*** Opening of Given data ***
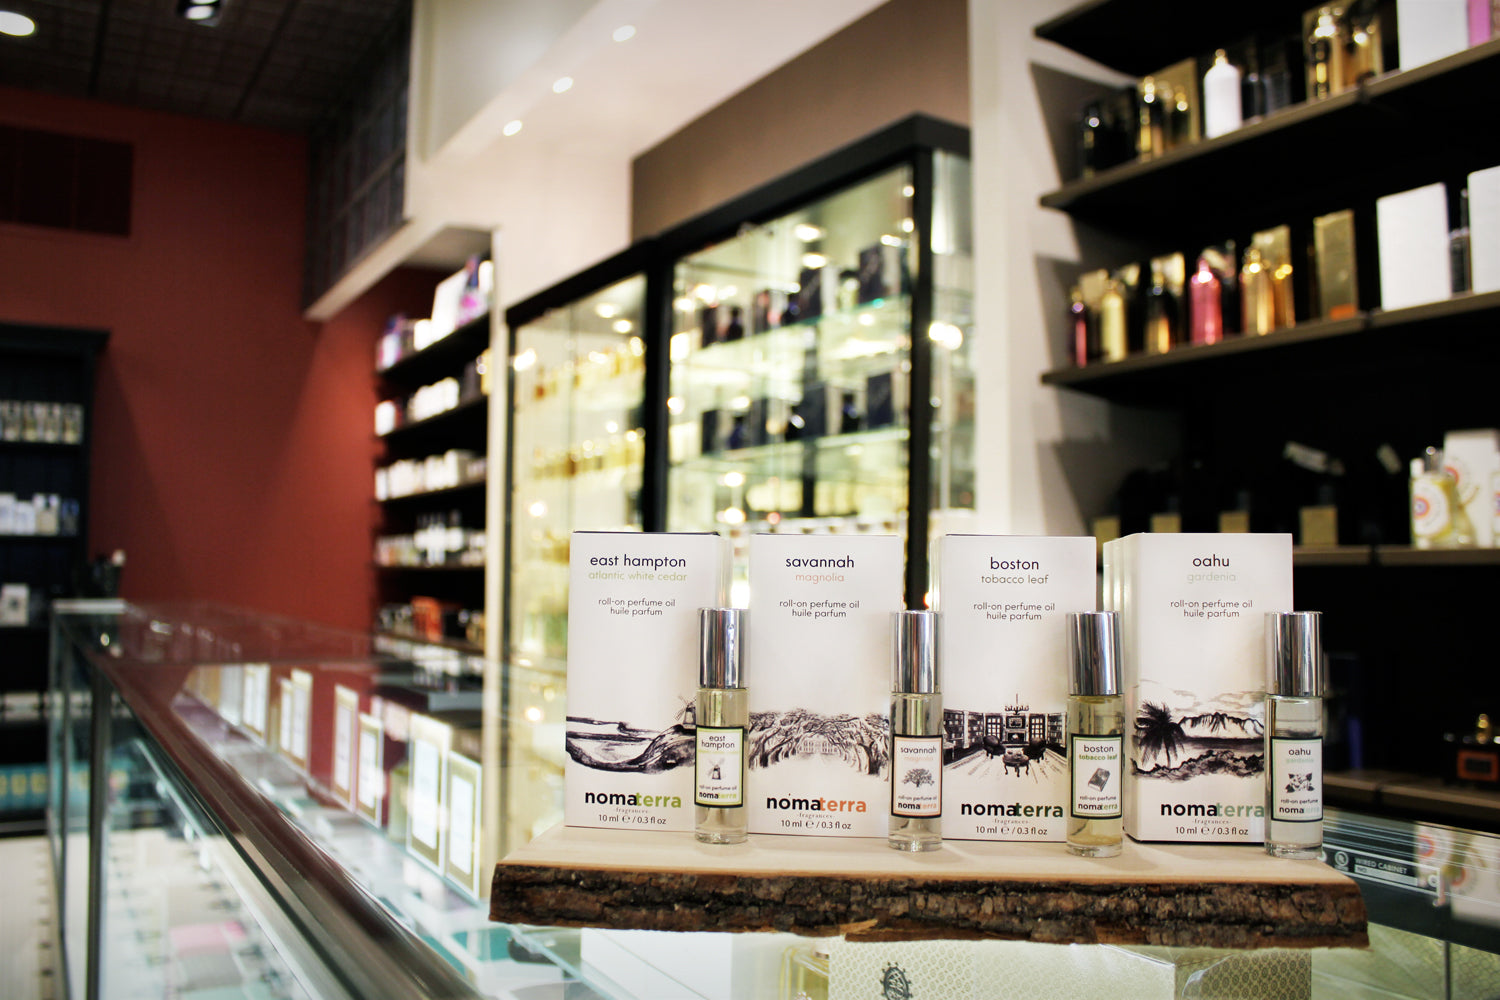 Nomaterra Perfume Oils Now Available at Merz Apothecary in Chicago
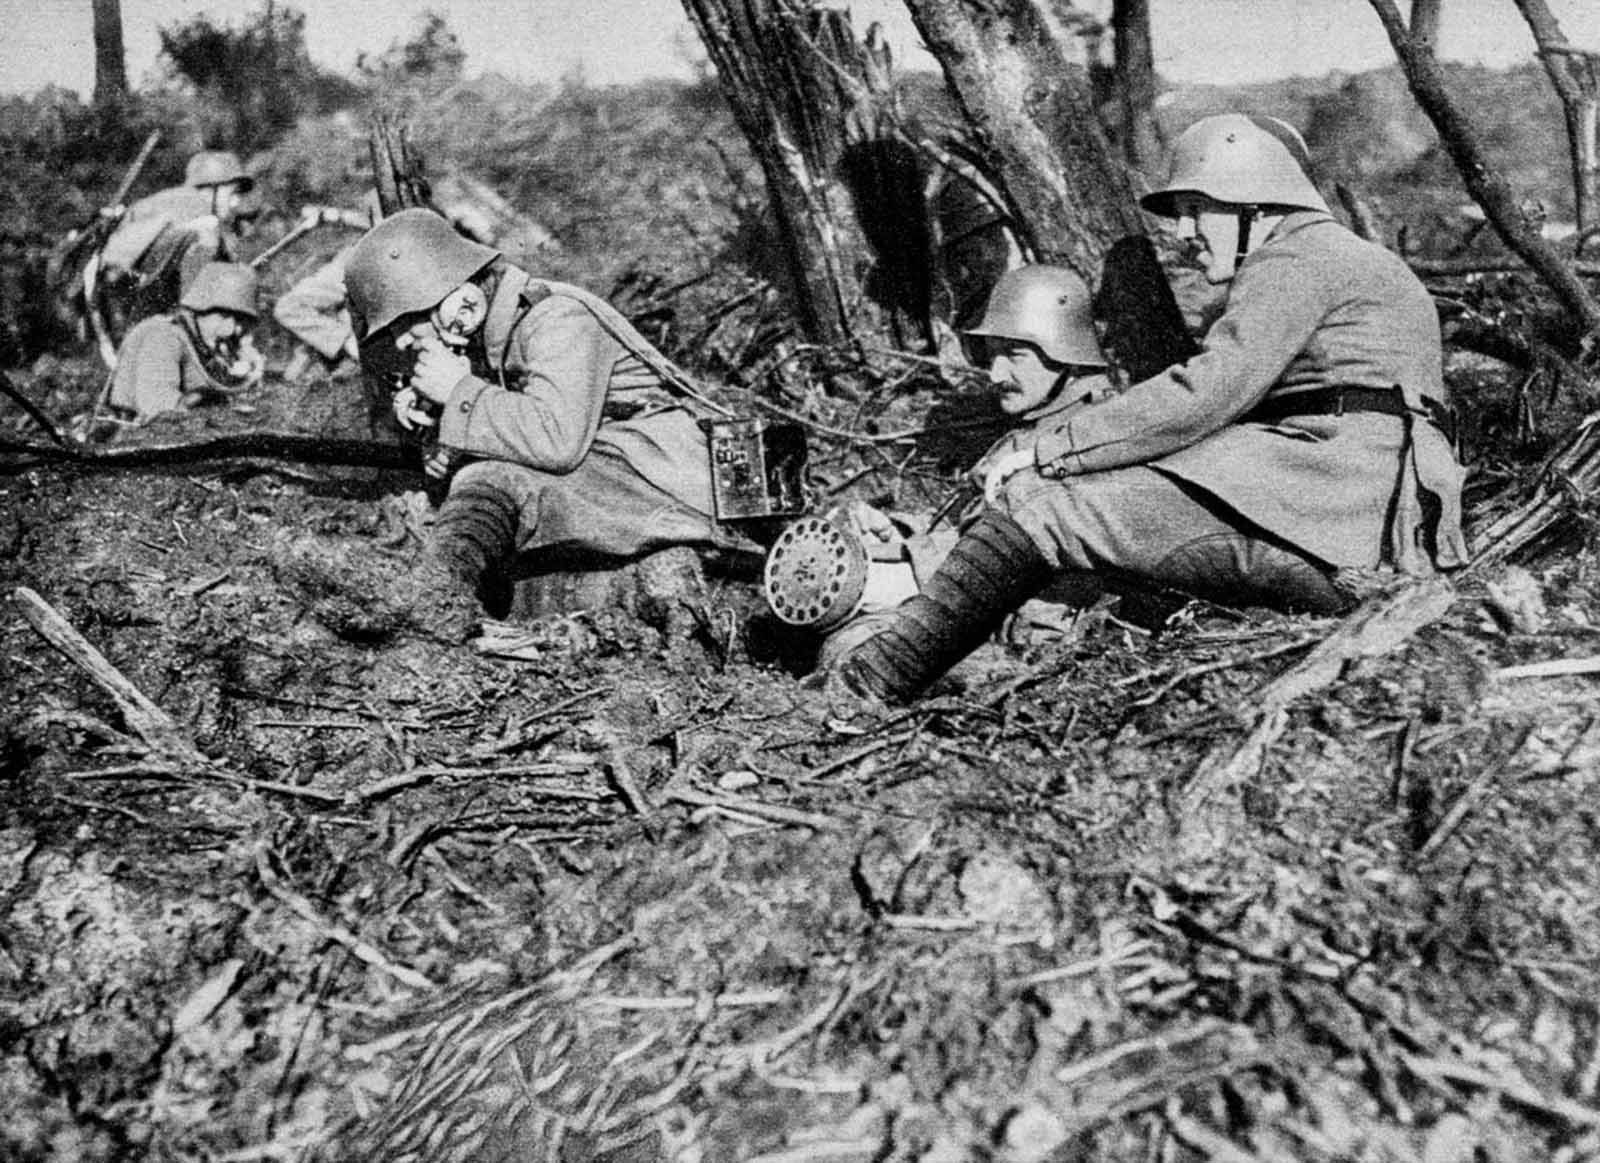 A German field telephonist relays artillery requests from the front lines.
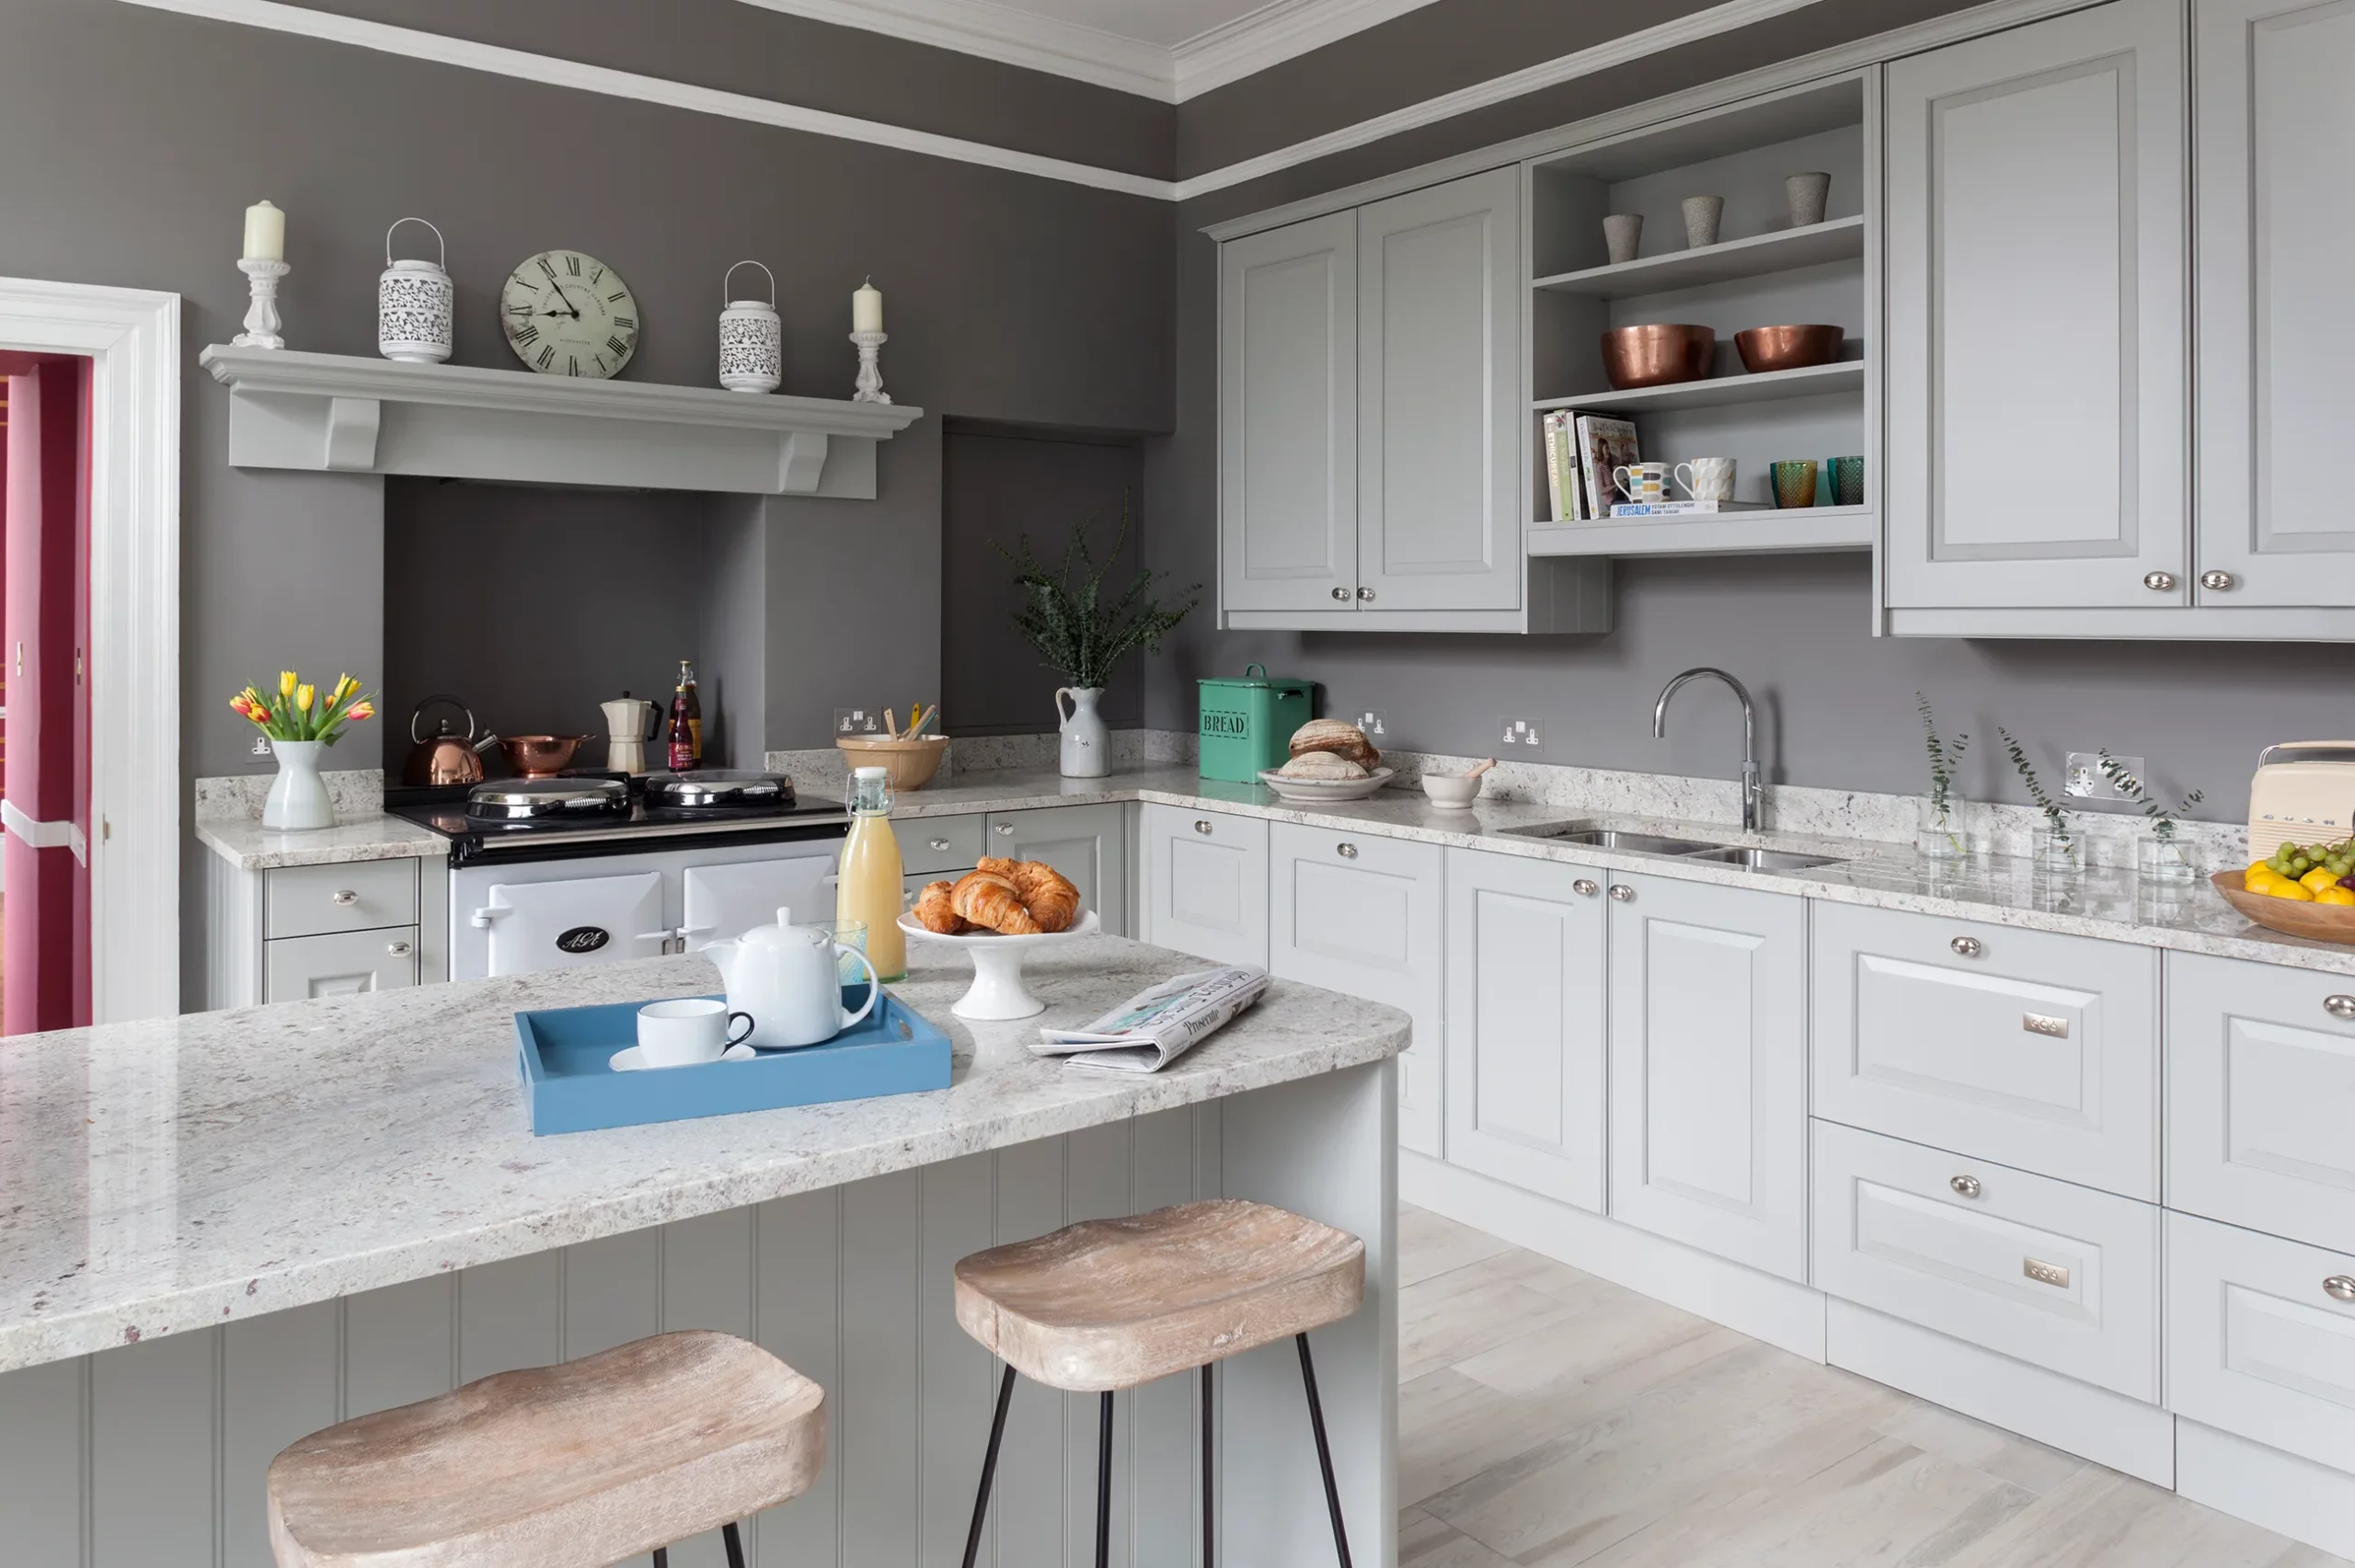 Sophisticated Kitchen Finished in Grey for a Modern Look
*** Close of Given data ***
**Problem requirements:** Repeat the data word for word. Images are not part of the copy.

**Finished exercise:**
 Nomaterra Perfume Oils Now Available at Merz Apothecary in Chicago
 A German field telephonist relays artillery requests from the front lines.
 Sophisticated Kitchen Finished in Grey for a Modern Look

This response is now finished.